- Born: January 31, 1953 (age 73)
- Education: University of Michigan Northwestern University
- Scientific career
- Fields: International economics, industrial organization, microeconomic theory, innovation, entrepreneurship, management strategy, law
- Workplaces: Brown University, University of Southern California, California Institute of Technology, Northwestern University
- Doctoral advisor: Dale T. Mortensen

= Daniel F. Spulber =

American academic

Daniel F. Spulber (born January 31, 1953) is the Elinor Hobbs Distinguished Professor of International Business and professor of strategy at the Kellogg School of Management (Northwestern University), where he has taught since 1990. Spulber is also professor of law at the Northwestern University School of Law and research director of the Searle Center on Law, Regulation, and Economic Growth. He is the founding editor-in-chief of the Journal of Economics & Management Strategy.

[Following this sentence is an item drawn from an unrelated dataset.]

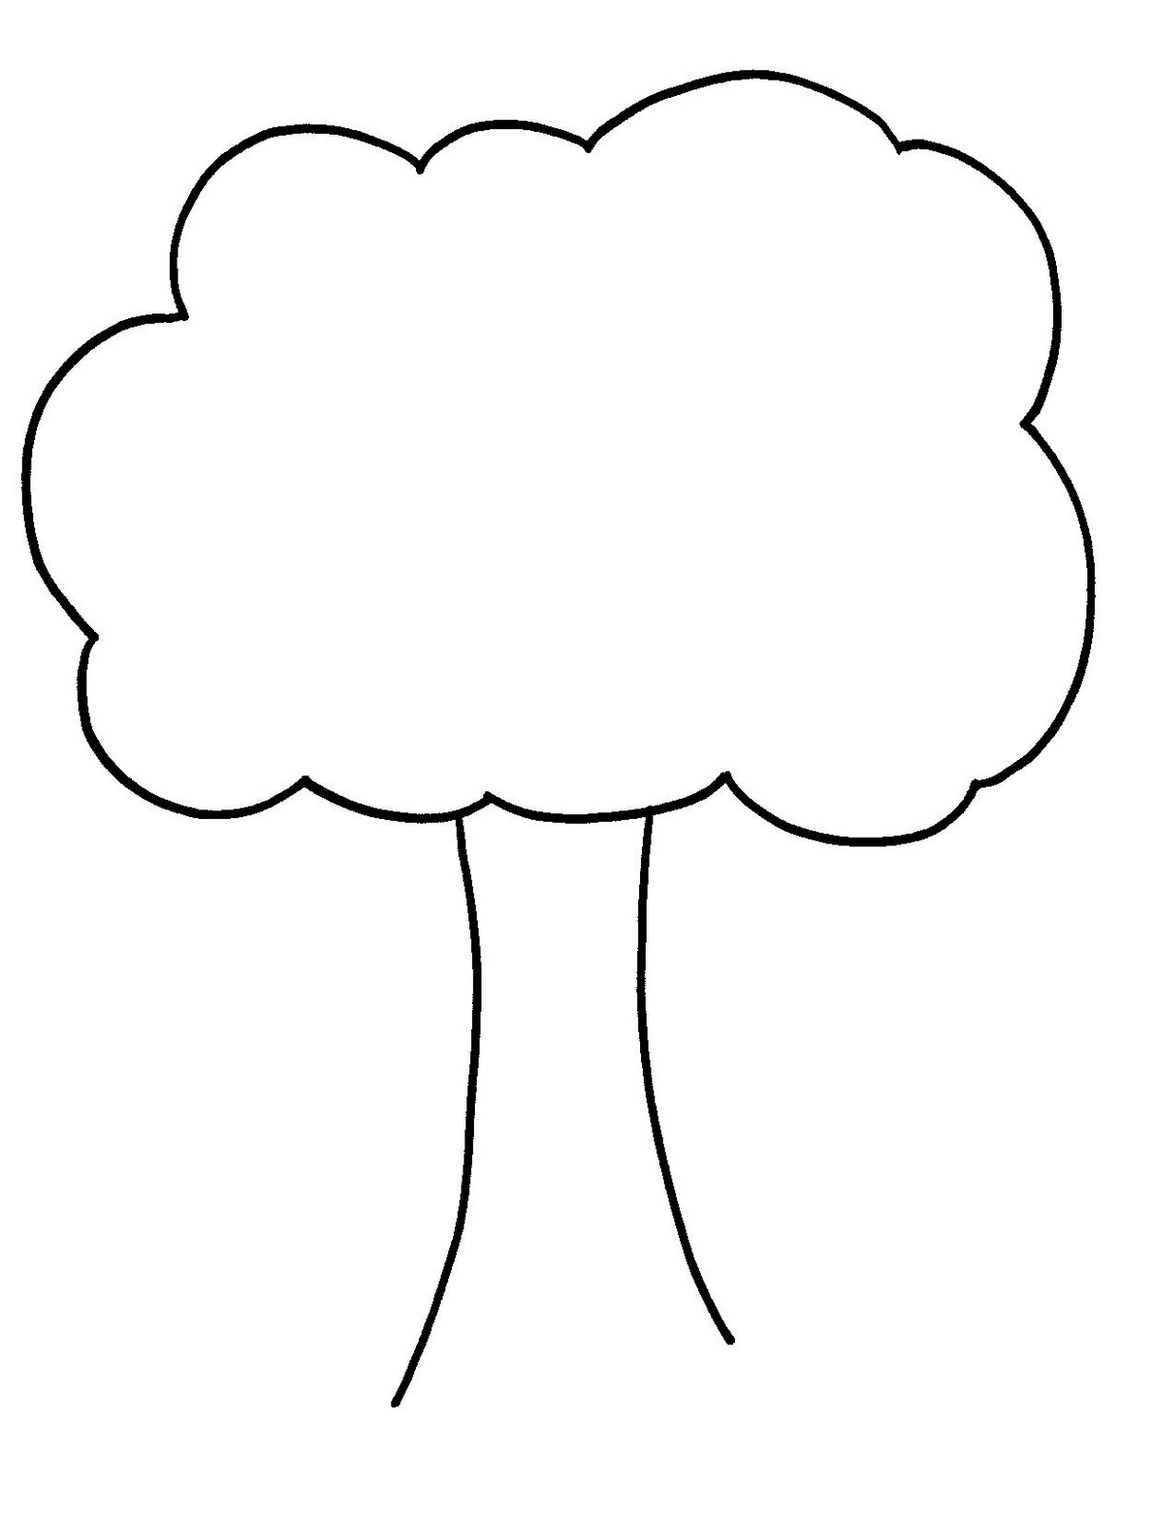 outline-of-tree-branches-clipart-best

== Education and early career ==
His father was the Romanian economist Nicolas Spulber, who taught for many years at Indiana University Bloomington. Daniel Spulber received his B.A. in economics from the University of Michigan in 1974, his M.A. in economics from Northwestern University in 1976, and his Ph.D. in economics from Northwestern University in 1979. He taught at Brown University, the University of Southern California, and the California Institute of Technology before returning to Northwestern.

== Academic work ==
Spulber's research is in the areas of international economics, industrial organization, microeconomic theory, innovation, entrepreneurship, management strategy, and law. In 1996, he was ranked 6th among economists in the United States and also highly ranked for 1979-2003 adjusted appearances. Spulber has published numerous journal articles in economics journals and law reviews.

== Selected books ==

=== Books written ===
- "The Innovative Entrepreneur" (2014)
- "The Theory of the Firm: Microeconomics with Endogenous Entrepreneurs, Firms, Markets, and Organizations" (2009)
- Economics and Management of Competitive Strategy, 2009, New Jersey: World Scientific Press
- Networks in Telecommunications: Economics and Law, with Christopher Yoo, 2009, Cambridge: Cambridge University Press
- Global Competitive Strategy, 2007, Cambridge: Cambridge University Press
- Management Strategy, 2004, New York: McGraw Hill
- Market Microstructure: Intermediaries and the Theory of the Firm, 1999, New York: Cambridge University Press
- The Market Makers: How Leading Companies Create and Win Markets, 1998, New York: McGraw-Hill/ Business Week Books
- Deregulatory Takings and the Regulatory Contract: The Competitive Transformation of Network Industries in the United States, with J. Gregory Sidak, 1997, Cambridge University Press
- Protecting Competition from the Postal Monopoly, with J. Gregory Sidak, 1996, Washington, D.C.: American Enterprise Institute
- Regulation and Markets, 1989, Cambridge, Mass: MIT Press

=== Books edited ===
- Famous Fables of Economics: Myths of Market Failures, 2002, Malden, MA: Basil Blackwell
- Essays in the Economics of Renewable Resources, edited with Leonard J. Mirman, 1982, Amsterdam: Elsevier-North Holland Publishing Co.